## Exercise details
The line containing "gold condom packet." marks the end; write out exactly every line from the start of the data up to and including it, without the pictures.

'''

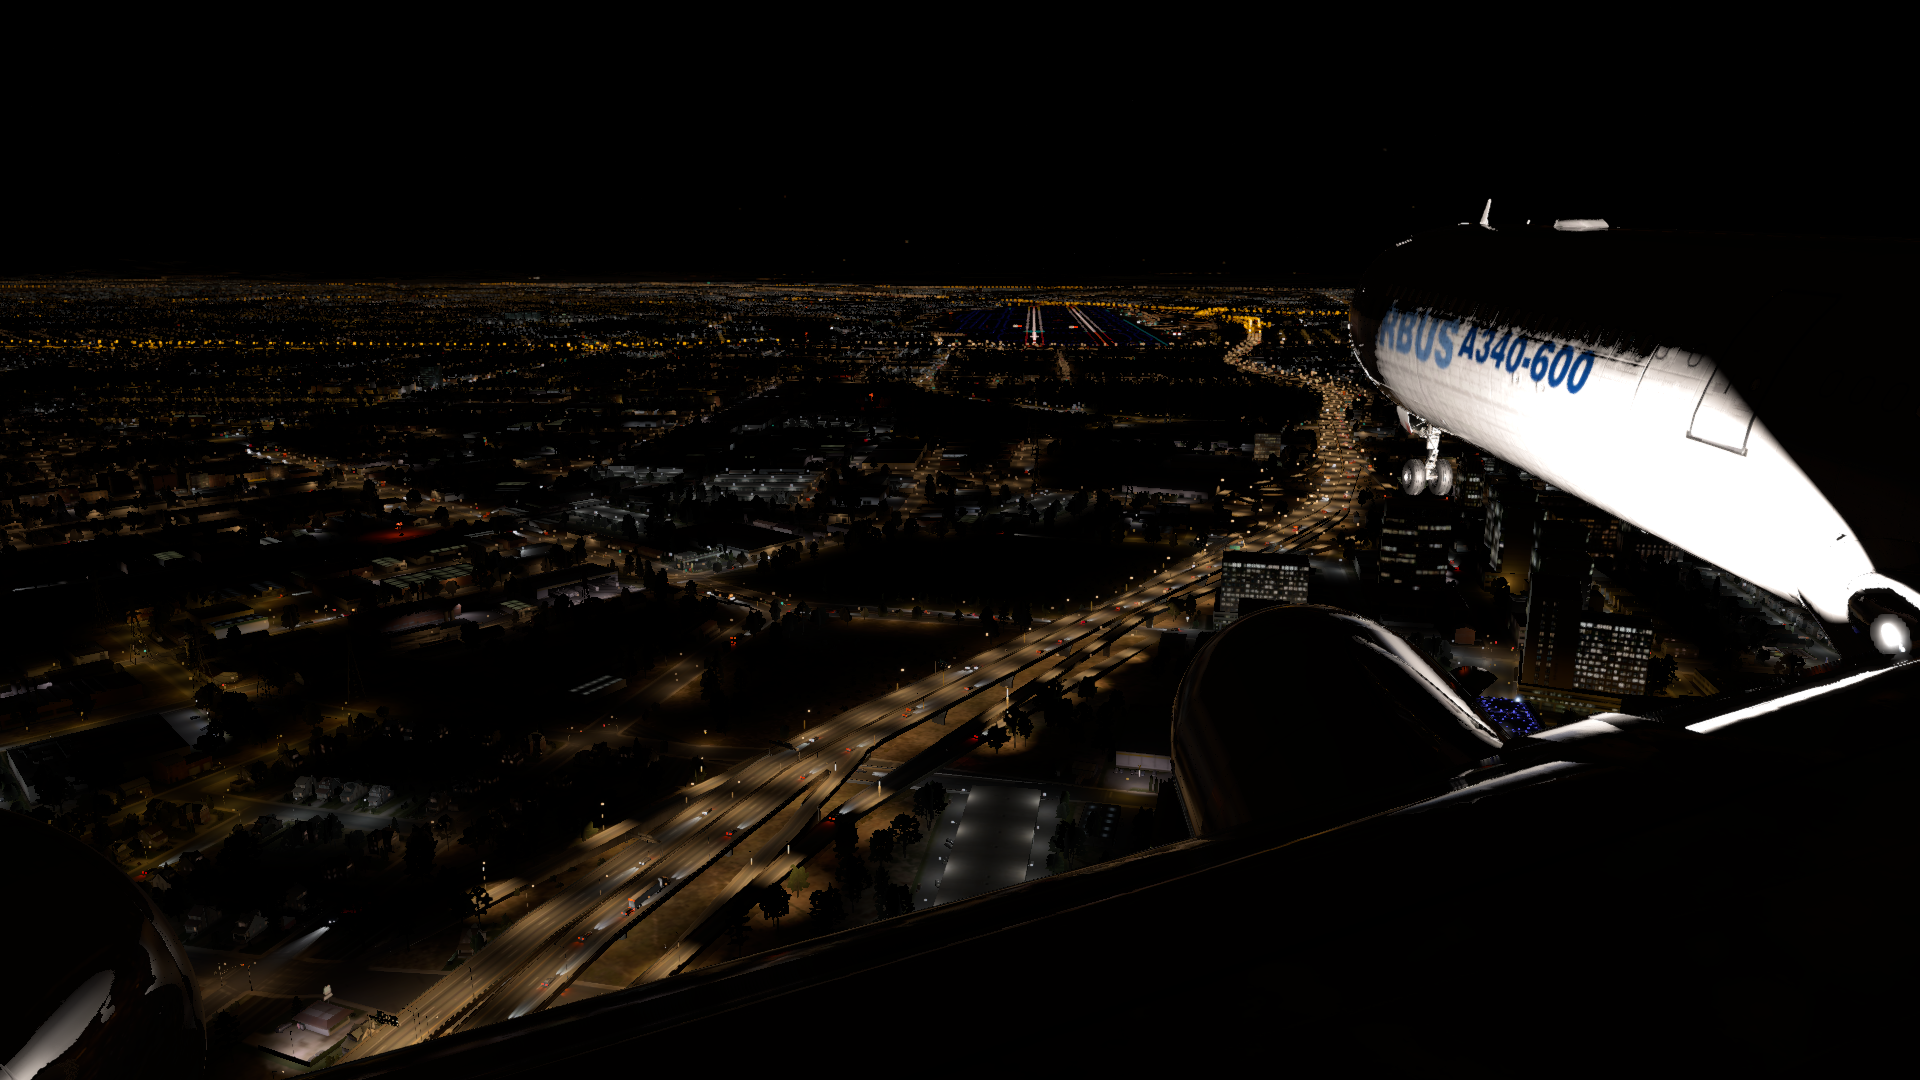 A340-600 on approach to KSJC 30L, just passing over downtown San Jose at night. The freeway is all lit up and the runways are visible. It's a dark night.
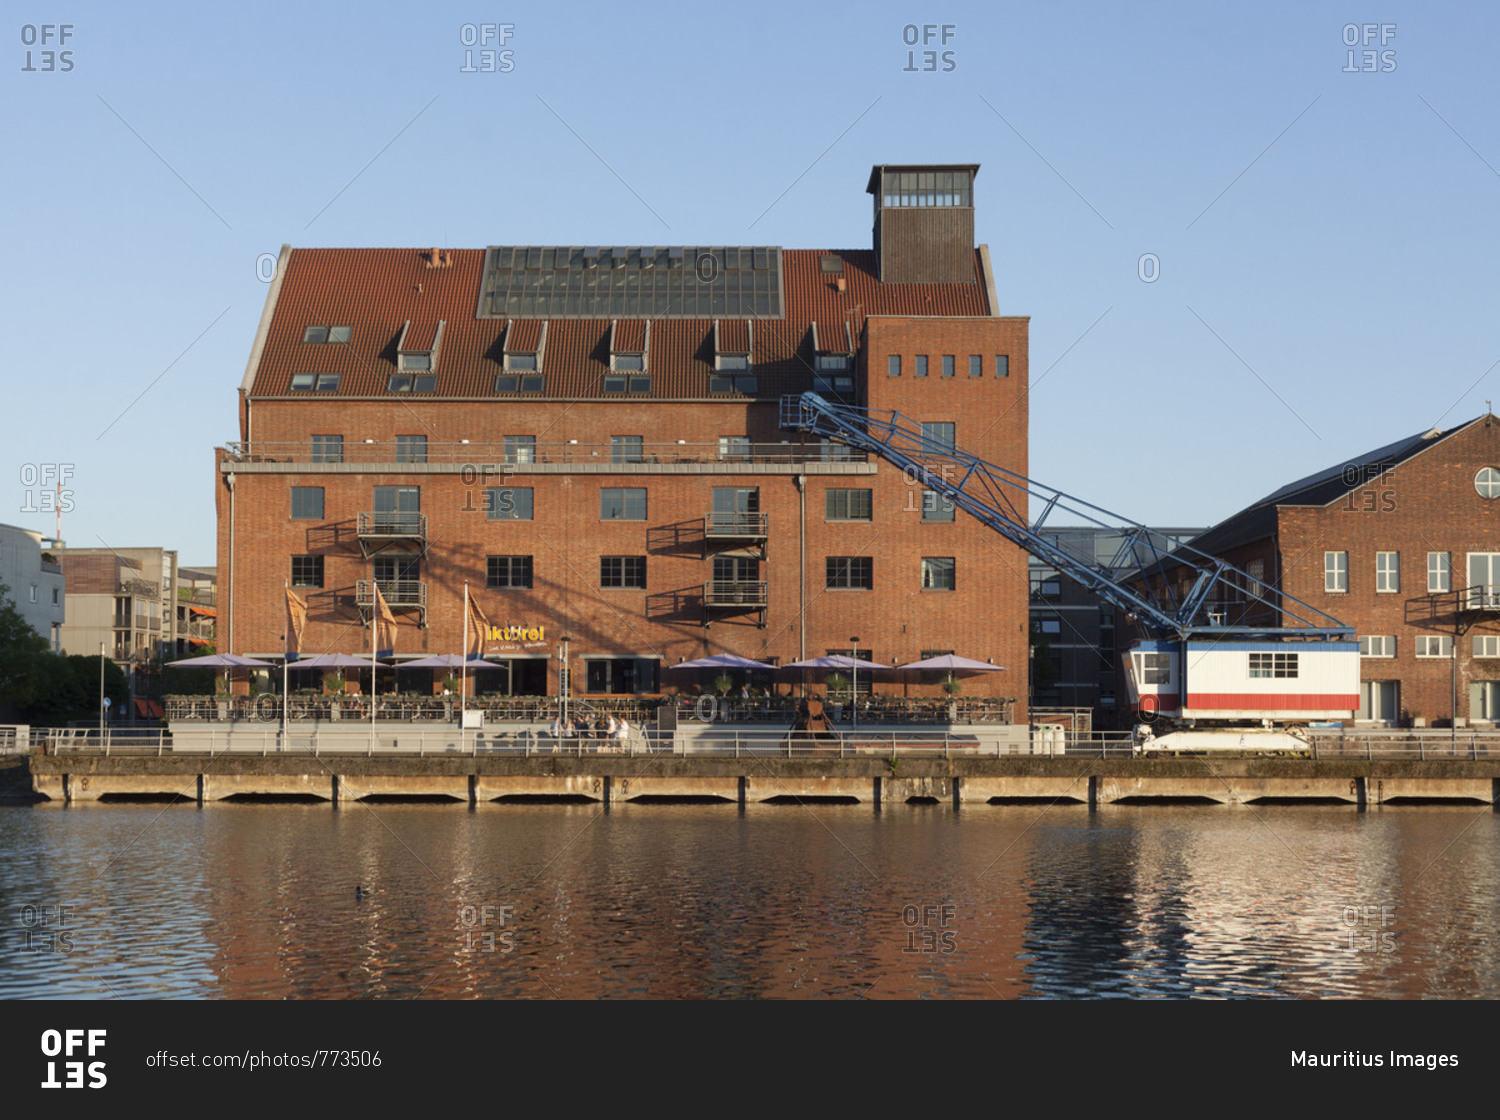 Werhahn mill and the building \'Faktorei 21\', historic industrial architecture at the Innenharbour, Duisburg, Ruhr area, North Rhine-Westphalia, Germany, Europe
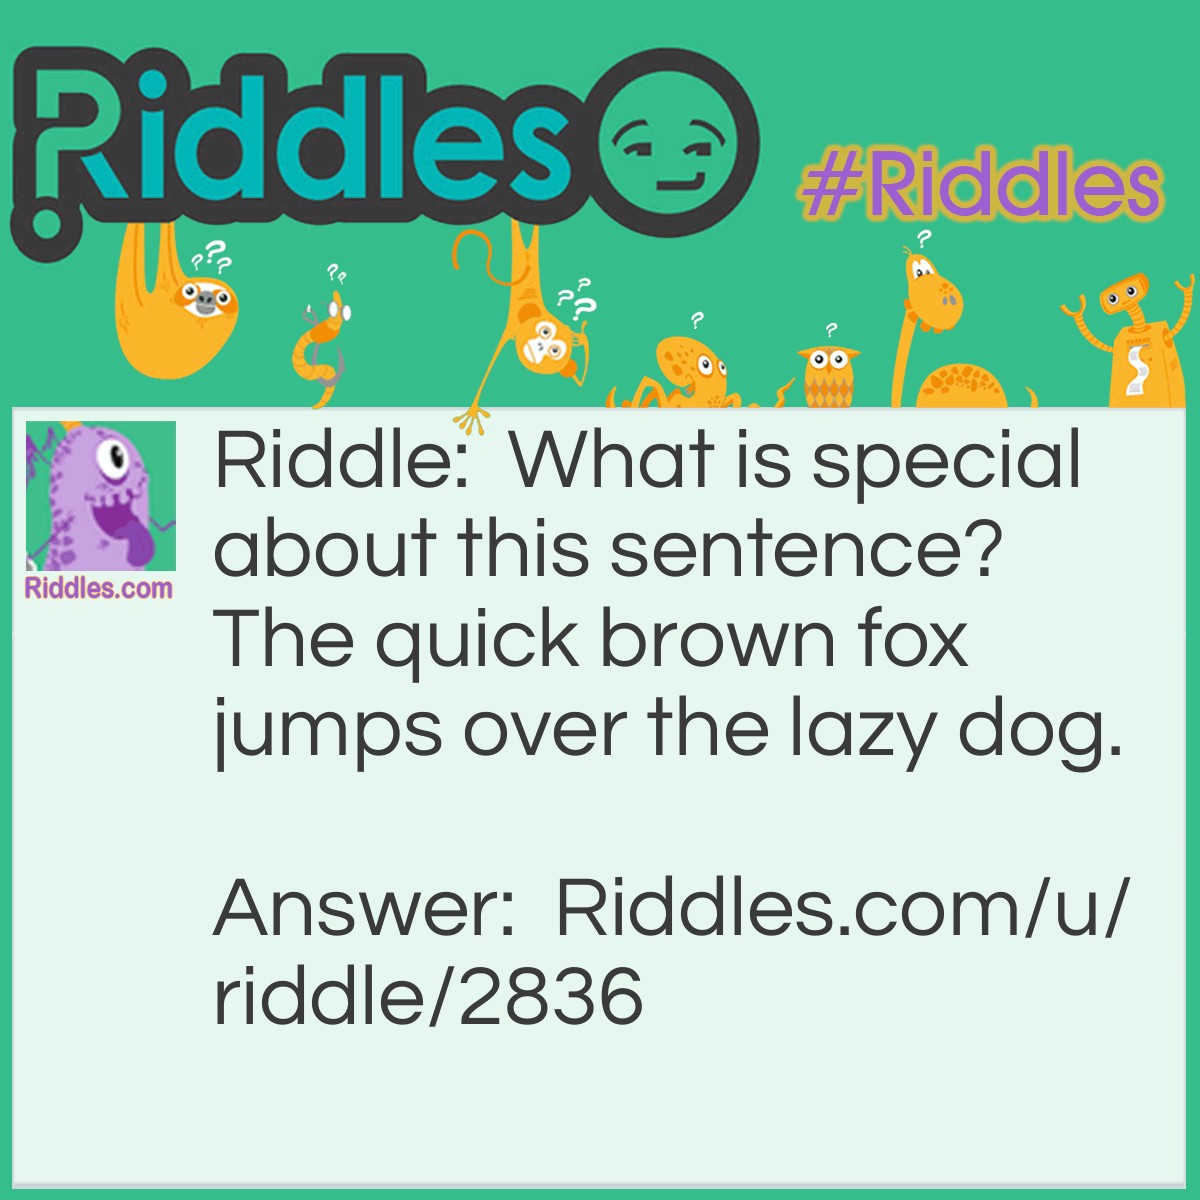 Riddle: What is special about this sentence? The quick brown fox jumps over the lazy dog. Answer: The sentence includes every letter in the English alphabet.
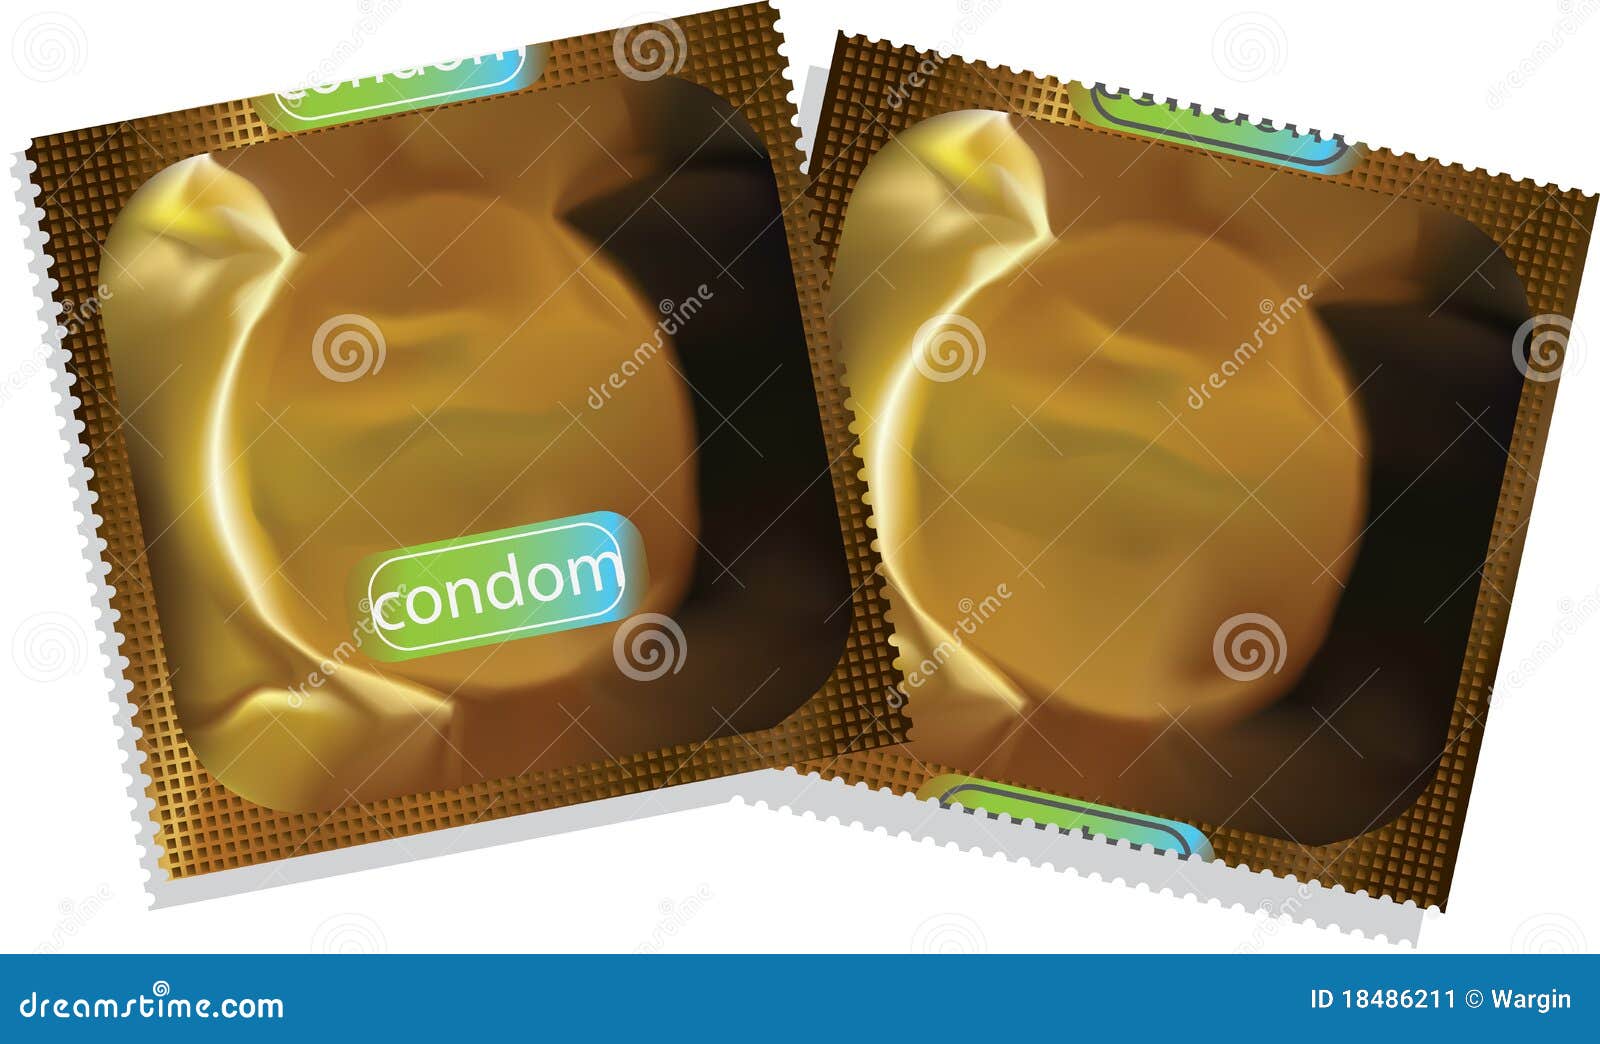 gold condom packet.
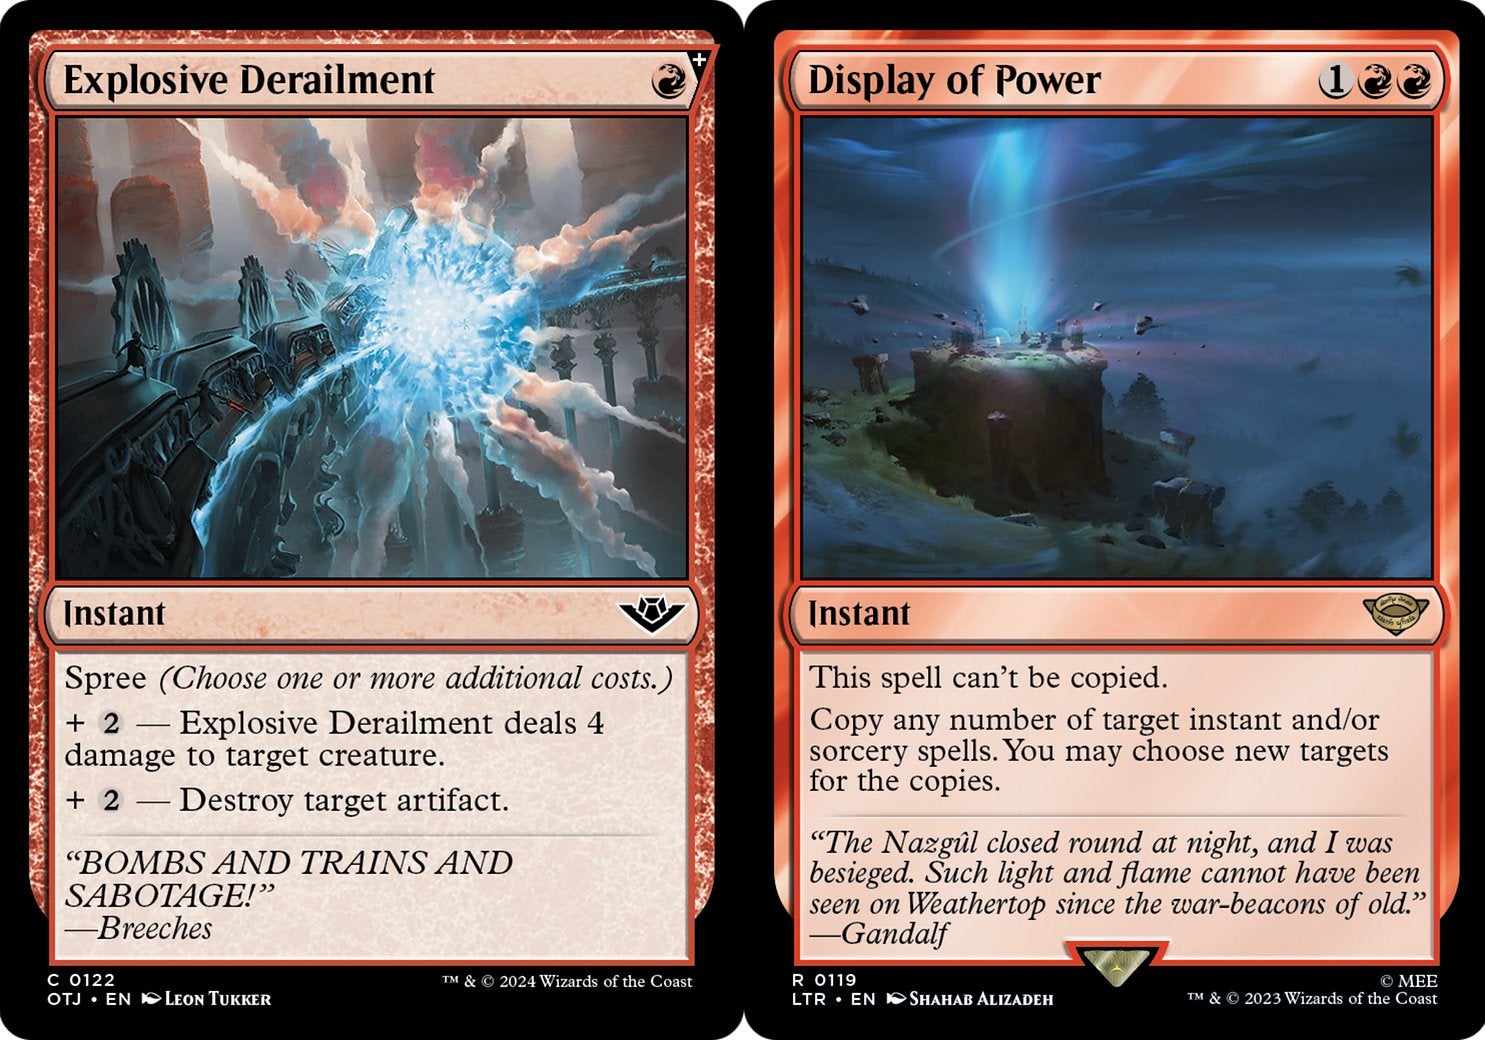 The Explosive Derailment and Display of Power red Instant cards from MTG.

'''

## The completed task
 A340-600 on approach to KSJC 30L, just passing over downtown San Jose at night. The freeway is all lit up and the runways are visible. It's a dark night.
 Werhahn mill and the building \'Faktorei 21\', historic industrial architecture at the Innenharbour, Duisburg, Ruhr area, North Rhine-Westphalia, Germany, Europe
 Riddle: What is special about this sentence? The quick brown fox jumps over the lazy dog. Answer: The sentence includes every letter in the English alphabet.
 gold condom packet.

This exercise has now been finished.